As the contest progresses, there will be well known differences on domestic policy. Given the socialist turn by even the “moderate” Democrat contenders, I suspect that Mr Trump will be able to slice off only a small proportion of the politically incorrect element of the Democratic nominees base to win the election.
It is on foreign policy that the policies of the two likely Democrat finalists — Mr Sanders and Mr Bloomberg — could differ. As the establishment progressive Sanders like most Democrats is a hawk on China (witness Speaker Pelosi’s recent Munich speech) he would not differ from President Trump on China except as an idealist he would like more virtue-signalling on Xinjiang. By contrast, Bloomberg is a China dove, given the Chinese interests of his company.
This suggests two possible out-of-the-box policy initiatives in north-east Asia President Trump could take in the months before the election. The first is to announce the opening of a US embassy in Taipei. China would object saying it would go against the One-China policy agreed with Nixon and Kissinger. But on assuming office, Mr Trump took a call from the President of Taiwan to which China objected citing the One-China policy, and President Trump reportedly replied “What One-China policy?” It is time to end it, at least symbolically.
The second is more speculative. There is one observation most experts on North Korean-Chinese relations make: The deep-seated Korean animosity for the Chinese and their anger as having to depend on them in a hostile world.
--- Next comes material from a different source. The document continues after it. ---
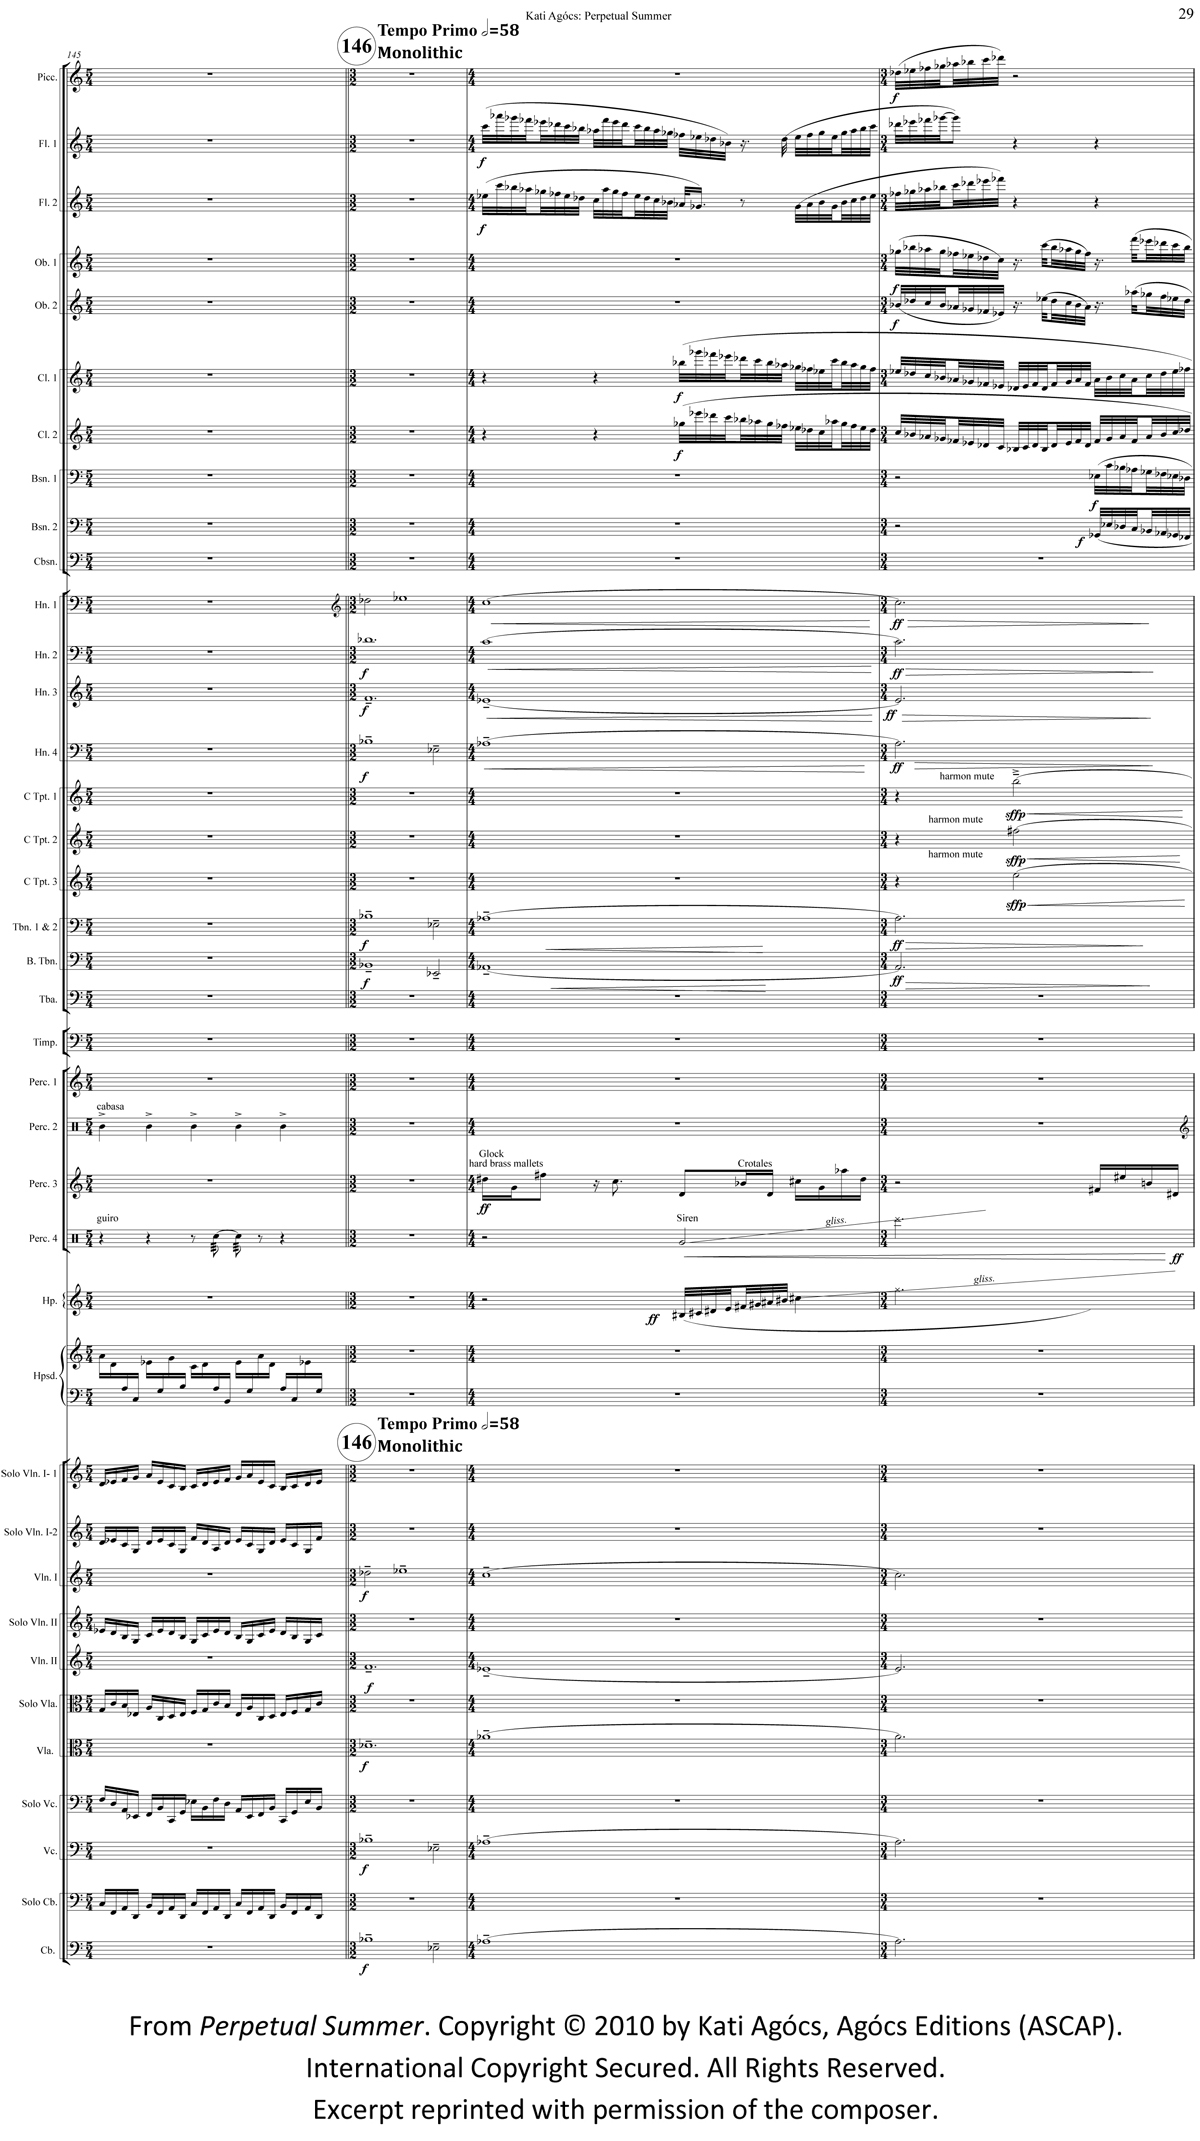 Page of orchestral score of Kati Agocs's Perpetual Summer

Witnessing the sheer childlike joy shown by the young Kim Jong-un wandering around the market in Singapore during his summit with Mr Trump, a thought struck me: Could a deal be done with Kim with the offer of ending the sanctions and massive private US investment creating a north Korean capitalist paradise in exchange for changing the direction of his nuclear missiles from Los Angeles to Beijing!